From the early 1990s, he played various roles in Kurt Palm’s “Sparverein Die Unz-Ertrennlichen” theater group. Phettberg has been writing his weekly “Falter” column since 1992. A collection of the “Moths” columns appeared as a facsimile of the typescripts under the title “Hundred Hens. Catecheses 1992 – 2003”.

In his talk show “Phettbergs Nette Leit Show” he welcomed various celebrities from the end of 1994, including Marcel Prawy, Hermann Nitsch, Manfred Deix and Josef Hader. In 1996, together with Kurt Palm, he published the book “Frucade oder Eierlikör” with interviews and monologues from the show. In 2003 and 2004, ATV broadcast the program “Beichtphater Phettberg”.

In 1993 Phettberg received the Franz Grillparzer Prize from the “Anonymous Actionists” and in 2002 the Prize of the City of Vienna for journalism. At the time, the then City Councilor for Culture Andreas Mailath-Pokorny (SPÖ) called Phettberg a “radical and subjective observer of everyday life in Vienna” and that he wrote cultural history with his “Nette Leit Show”. In 2007 his old friend and discoverer Kurt Palm dedicated the documentary “Hermes Phettberg, Elender” to him, in which the two of them review the life of the once colorful Viennese scene figure in a dialogue.

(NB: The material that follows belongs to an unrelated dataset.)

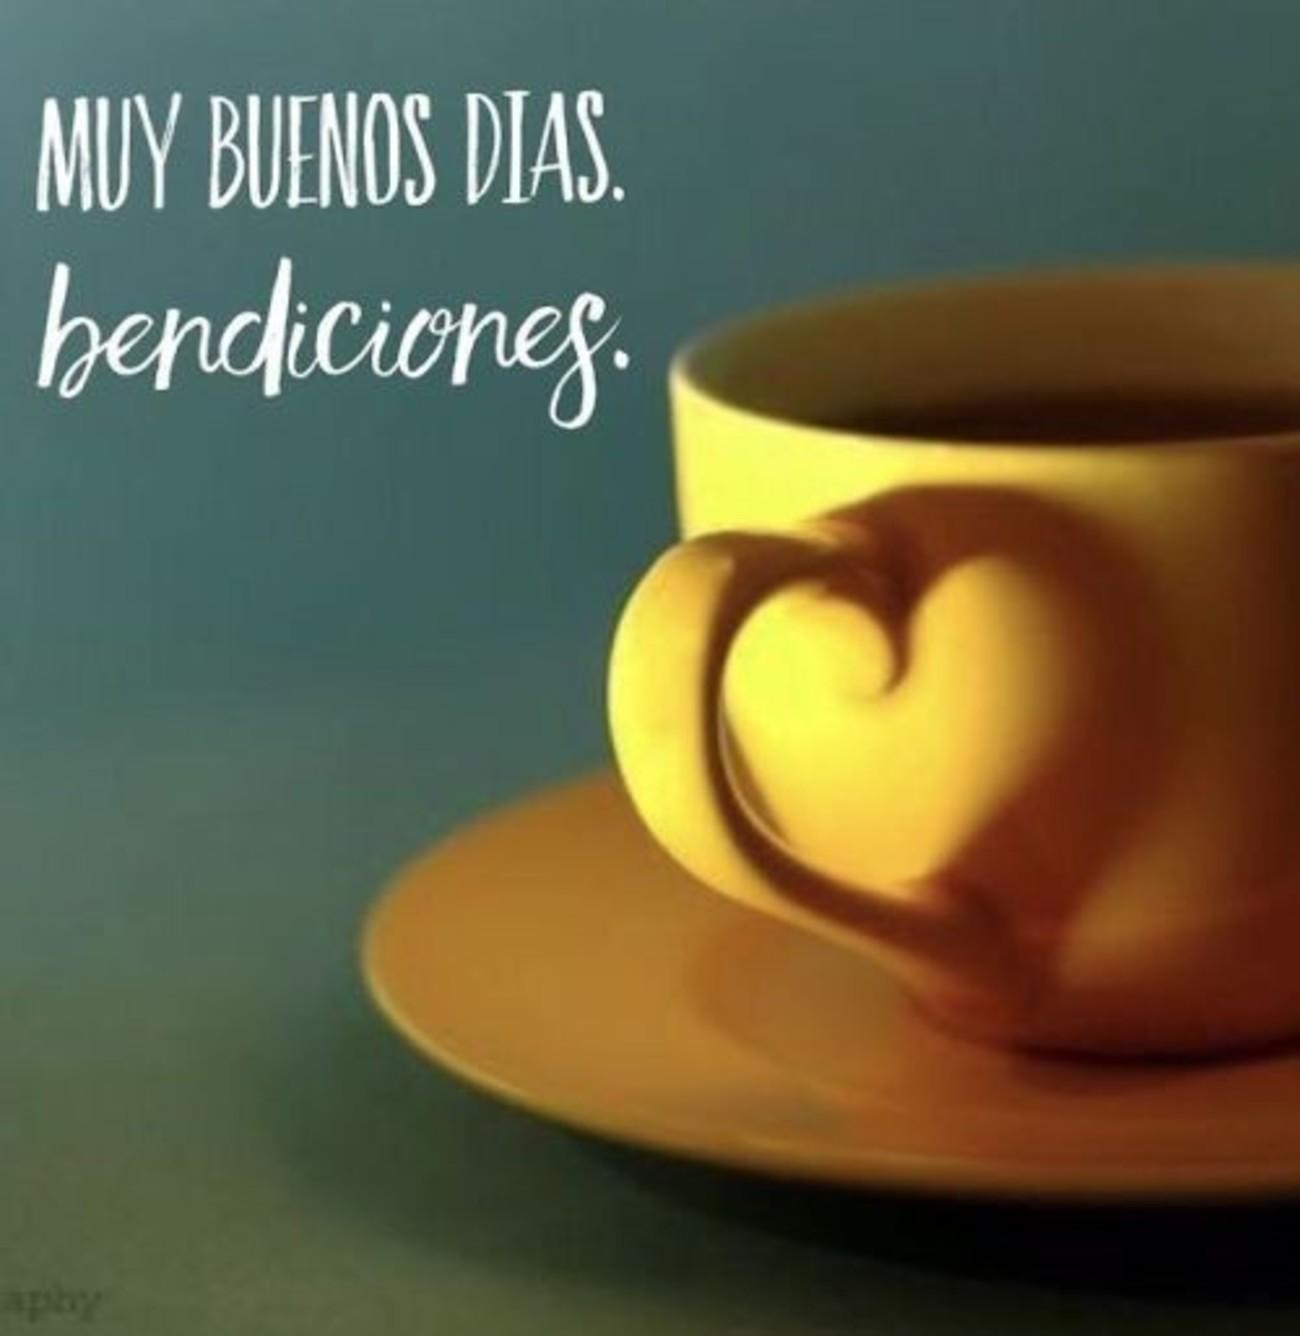 Buenos Días amigos 788

Public bondage and great excitement

In 2012 he caused a stir with “Garten der Lüste”, a public tie-up campaign as part of the “Vienna Week”, and in the same year the artist book “Everything Terrible! Selected Texts” was published by Sensationsverlag. When Sobo Swobodnik’s black-and-white documentary “The Pope isn’t a Jeans Boy”, which won the 2012 Max Ophüls Prize, about Phettberg’s everyday life was shown on 28 evenings in Vienna’s Stadtkino in the summer of 2013, the protagonist, despite having a walking disability, attended every single screening .

Walter Fröhlich made a graphic novel out of the entries made in his “gestion protocol” during this period: “Blue Jeans. The Phettberg Comic” was published in 2015 outside of the book market, financed by a crowdfunding campaign. Also in 2015, Phettberg starred in the feature film “A Perception” by German director Daniel Pfander.